Organ transplantation is a life-saving procedure. In cadaveric transplantation, a healthy organ donated at the time of a person’s death is transplanted into the body of a patient with end-stage organ failure. In living-donor transplantation, a kidney or a portion of liver donated by a living person is transplanted into the body of a patient with end-stage kidney or liver disease. Organ transplant is an acceptable treatment option when organs fail (e.g., kidney, heart, liver, and lung). More than 122,000 people are currently waiting for an organ transplant. Every 10 minutes, another person is added to the wait list, and over 8000 people die each year while waiting for a donor organ.

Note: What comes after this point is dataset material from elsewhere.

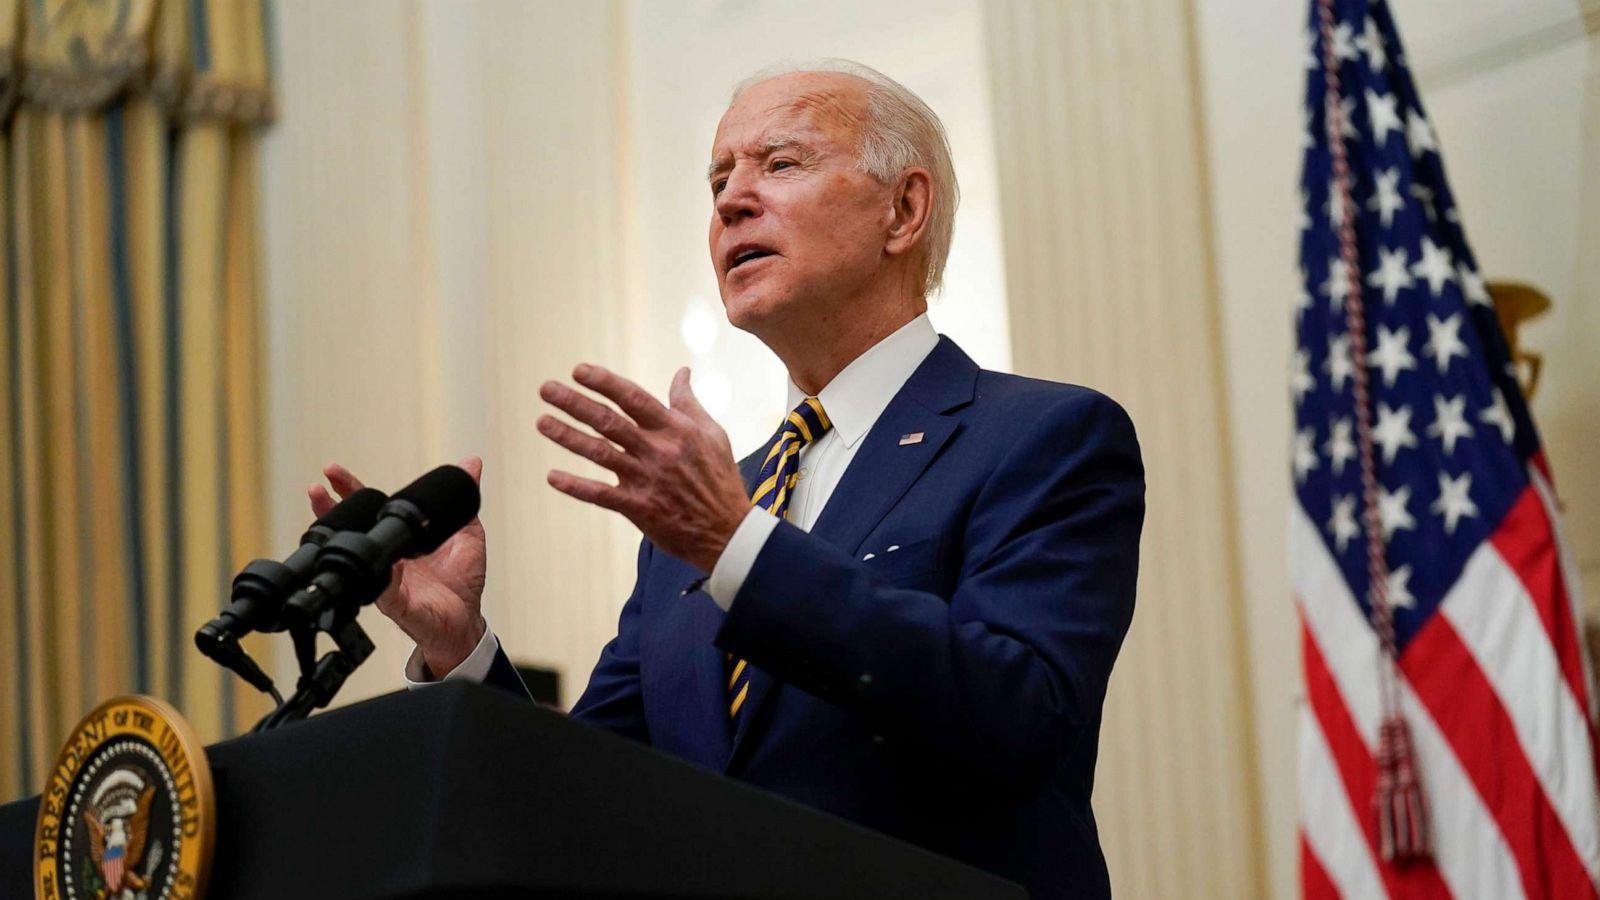 Biden's foreign policy speech

Principles of Immunosuppression

The immune system remains the biggest barrier to transplantation as a routine medical treatment because it has effective mechanisms to fight off foreign organisms. These same mechanisms are involved in the rejection of transplanted organs, which are recognized as foreign by the recipient’s immune system. The underlying premise of immunosuppression is to use multiple drugs that alter different aspects of the immune system (Fig. 30.1), thereby reducing the chances of transplant rejection and enabling the use of lower doses of individual drugs, which reduces the likelihood of drug toxicity. Transplantation has revolutionized care for patients with end-stage organ failure, yet significant problems remain with treatments designed to promote transplant survival and prevent rejection. Immunosuppressant drugs are not always effective; in addition, they are expensive and must be taken daily, and they are associated with toxic effects.

Immunosuppressant Drugs

Induction Therapy

Induction therapy provides intense immunosuppression with drugs designed to diminish antigen presentation and T-cell response, thus reducing the risk for acute rejection during the initial transplant period.
Basiliximab is a monoclonal antibody that inhibits interleukin 2 (IL-2)–mediated activation of lymphocytes, a critical component of the cellular immune response involved in transplant rejection. By inhibiting activation of lymphocytes, it prevents the body from mounting an immune response against the transplanted organ. Basiliximab has been approved for induction therapy in kidney transplants. Complete pharmacokinetic data are not available, but drug half-life is known to be 7.2 days in adults and 9.5 days in children.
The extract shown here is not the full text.